There is a significant variation in traffic by month and between weekday and weekend traffic within the Town. Figure 5.5 (Daily Traffic Volumes/US 34 Entry) presents a weekday and weekend daily traffic comparison by month for 1994. These volumes were recorded at a continuous count location on US 34 as it enters town.

Four observations are as follows:

  • Weekend traffic volumes are 20 to 50 percent higher than weekday traffic.
  • Summer peak season begins in May and continues into October.
  • Between November and April, the volumes of traffic entering and exiting Estes Park are about one third the peak summer volumes.
  • Traffic increases significantly on US 34 as it enters downtown.
The peak summer weekend daily traffic volume on US 34 east of Town is around 10,000 daily trips. This volume increases to approximately 25,000 east of the intersection of US 34 and US 36. Elkhorn Avenue traffic exceeds 27,000 in the downtown area. This significant increase in volume suggests that a major portion of the traffic experienced in the downtown area is being generated by existing residents and hotel/motel guests and visitors who are circulating within Town, visiting various destinations.

Although it is important to identify current traffic volumes and understand variations between weekday/weekend and seasons, it is also important to understand the rate of traffic growth within the Town of Estes Park. Presented in Figure 5.6 (1979-1994 Daily Traffic Volumes) are the off-season (represented by the month of March) and the peak summer season (represented by the month of July), weekday and weekend average traffic volumes entering the town from 1979 to 1994 on US 34. As can be seen, volumes are growing during both the peak and off-peak seasons and during the weekdays and weekends. The annual percent increase in traffic over the past fifteen years, as presented in Figure 5.1 is presented numerically as follows:

FIGURE 5.1
ANNUAL GROWTH RATE IN TRAFFIC - 1979 - 1994
Off-Season (March) Peak Season (July)
Weekday Weekend Weekday Weekend
6.5% 5.5% 3.0% 1.8%

Based on historical growth rates, traffic will increase over the next 10 years by approximately 25 percent during the peak season and 80 percent during the off-season. The lower growth rate during the summer peak season is due in part to the fact that the town and Park accommodations have reached their current physical capacities, particularly on many of the key weekend summer days.
Future growth will depend on expanding these accommodations.

One measure for evaluating the operation of a circulation system is referred to as a level of service. Level of service is a grading system from "A" to "F," where "A" is excellent and "F" is over capacity and failing.
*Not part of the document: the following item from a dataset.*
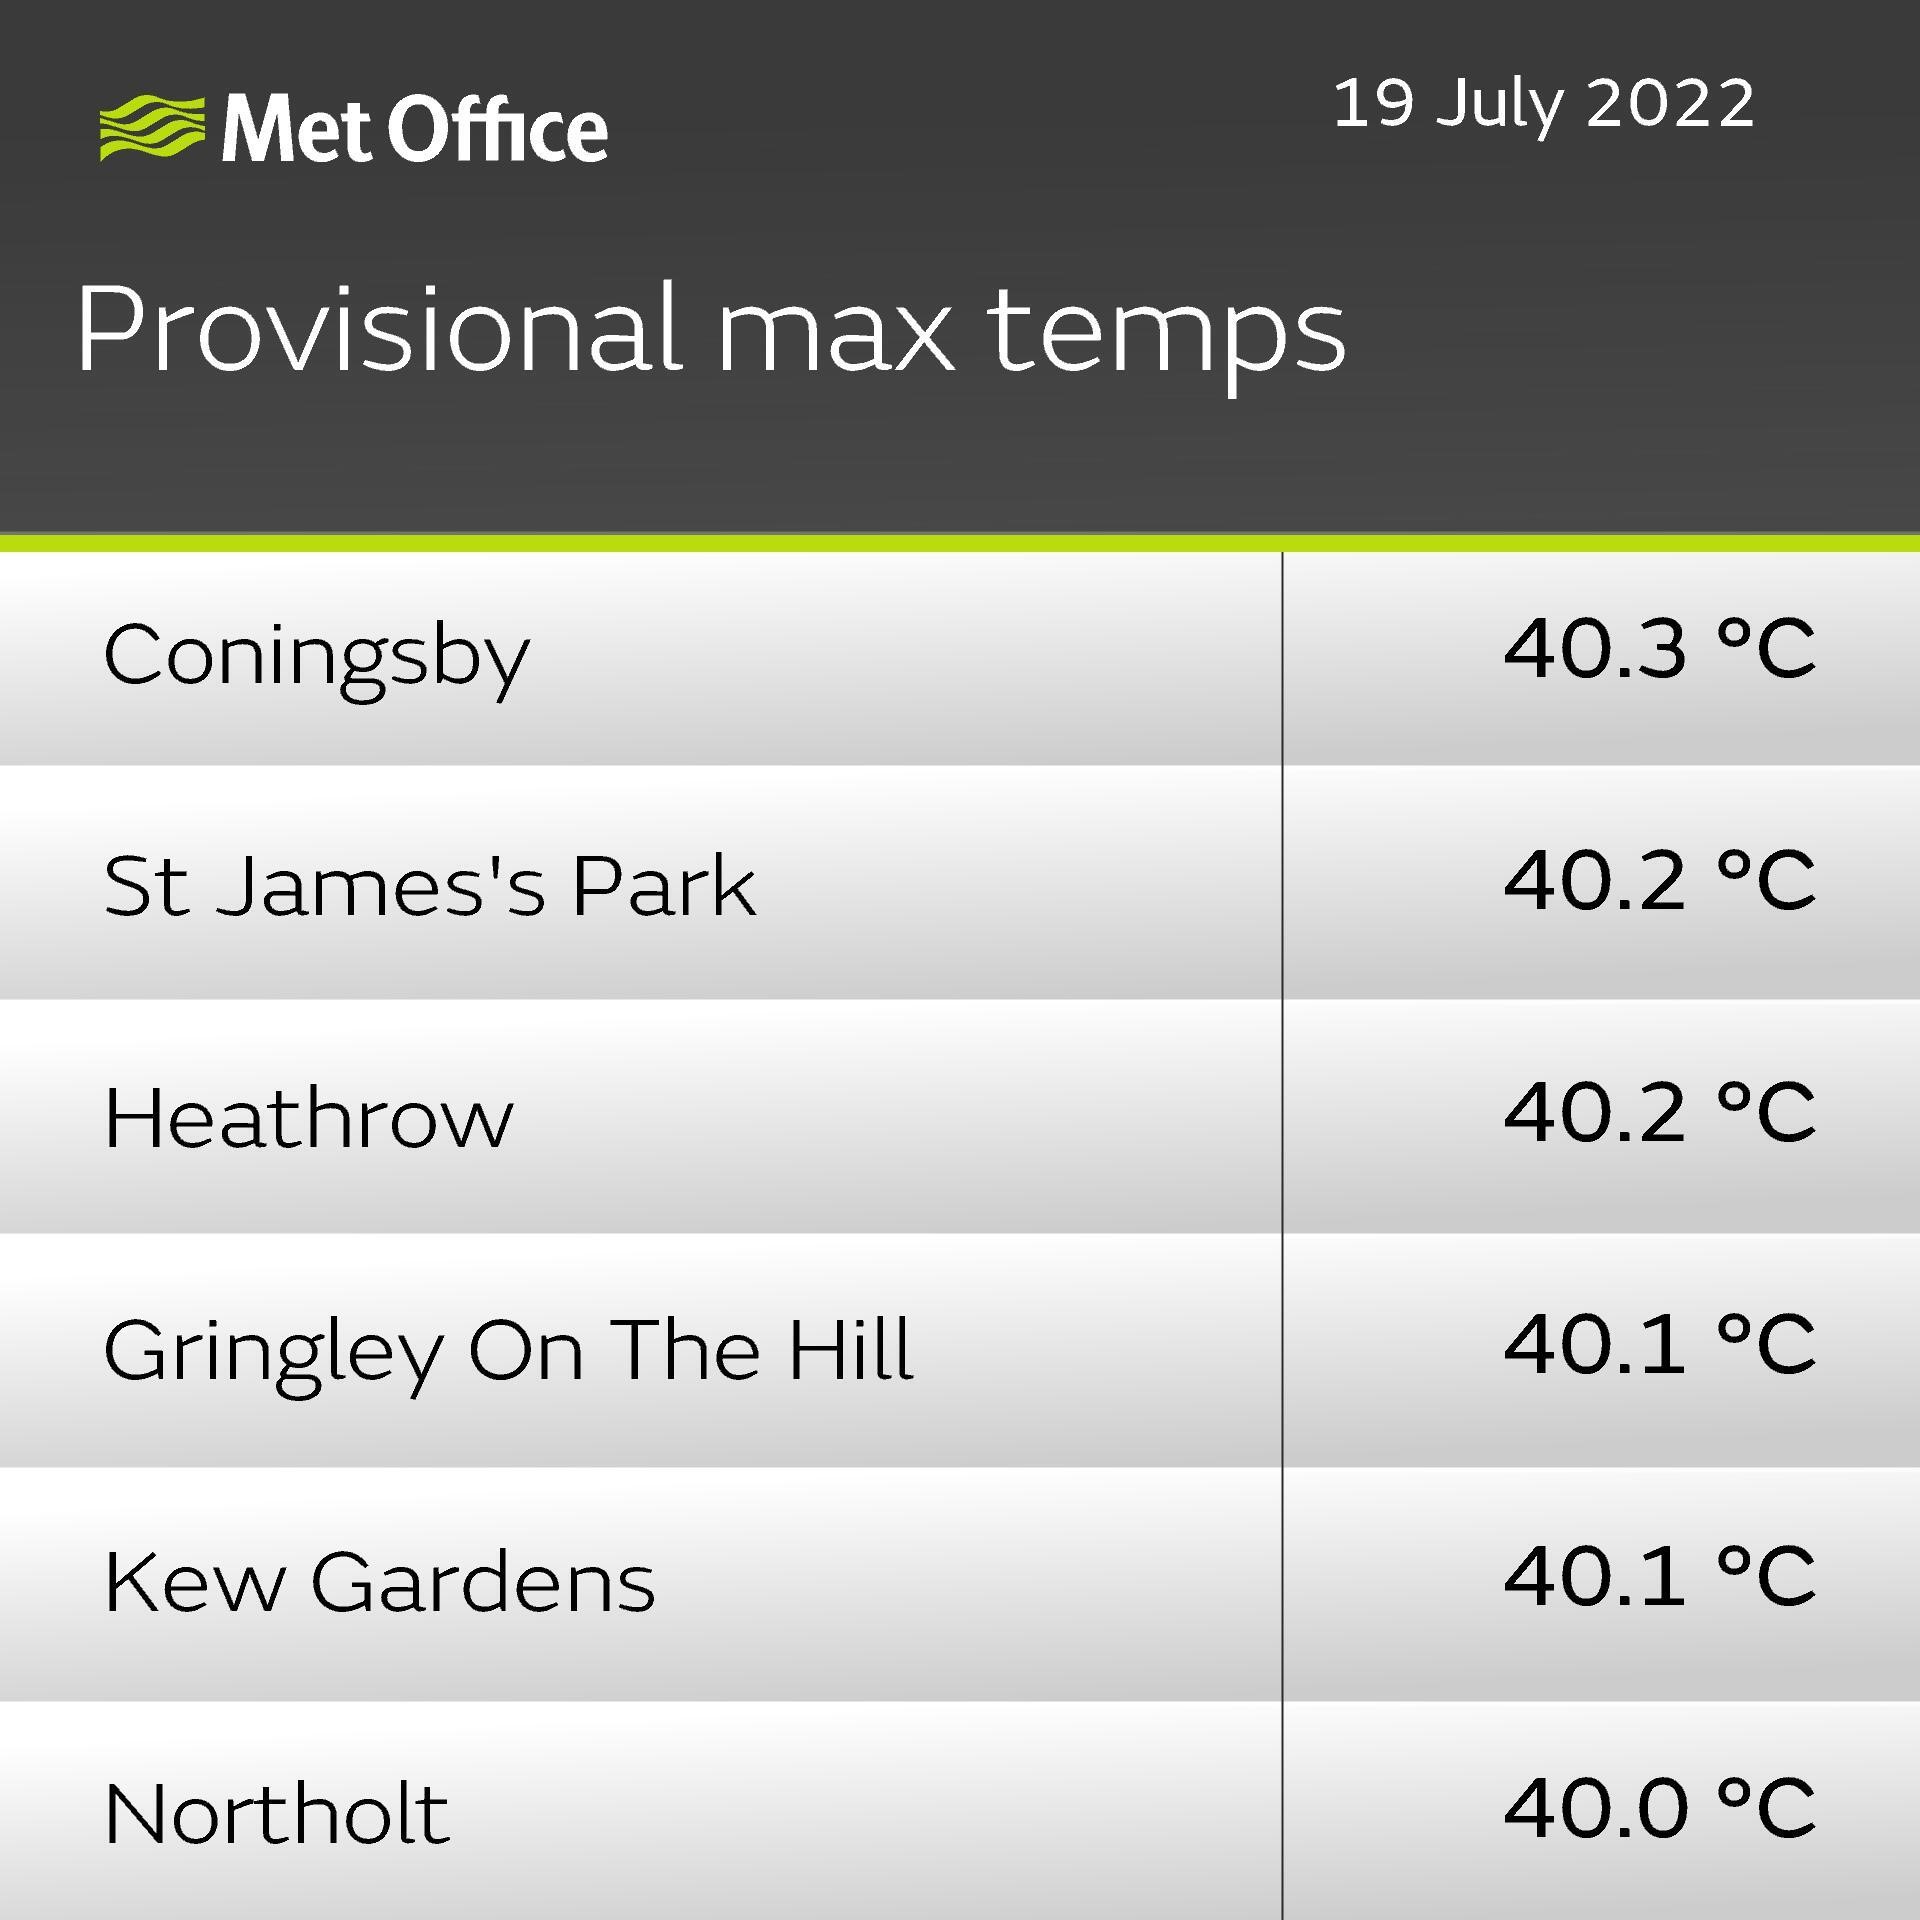 Provision max temperatures across the UK.

This rating system is based on the Transportation Research Board Highway Capacity Manual. Ideally, arterials should operate at a level of service of "D" or better. The existing summer weekday level of service conditions are presented in Map 5.4 (Existing Levels of Service).

Unacceptable levels of service exist along US 34, through the downtown, and south on Moraine Avenue to the junction with US 36 to the Rocky Mountain National Park Beaver Meadows Entrance. Unacceptable levels of service were also identified on US 36 and Highway 7 as they approach the downtown area. The local service roads within the study area, such as Moccasin Circle Drive, have excellent levels of service. US 34 was widened in 1996. US 7 is scheduled to be widened in 1997. Although these improvements will significantly help in serving and accommodating traffic entering and exiting Estes Park, delays will result, particularly for inbound movements entering the downtown area.

PARKING

There are two main, yet interrelated, transportation problems within Town: congestion of the roadway system and parking availability. The more traffic, the more demand for parking. The restricted supply of parking adds congestion to the roadways since drivers circle in their attempt to find parking spaces or stop in the travel lane waiting for a parking space to become available.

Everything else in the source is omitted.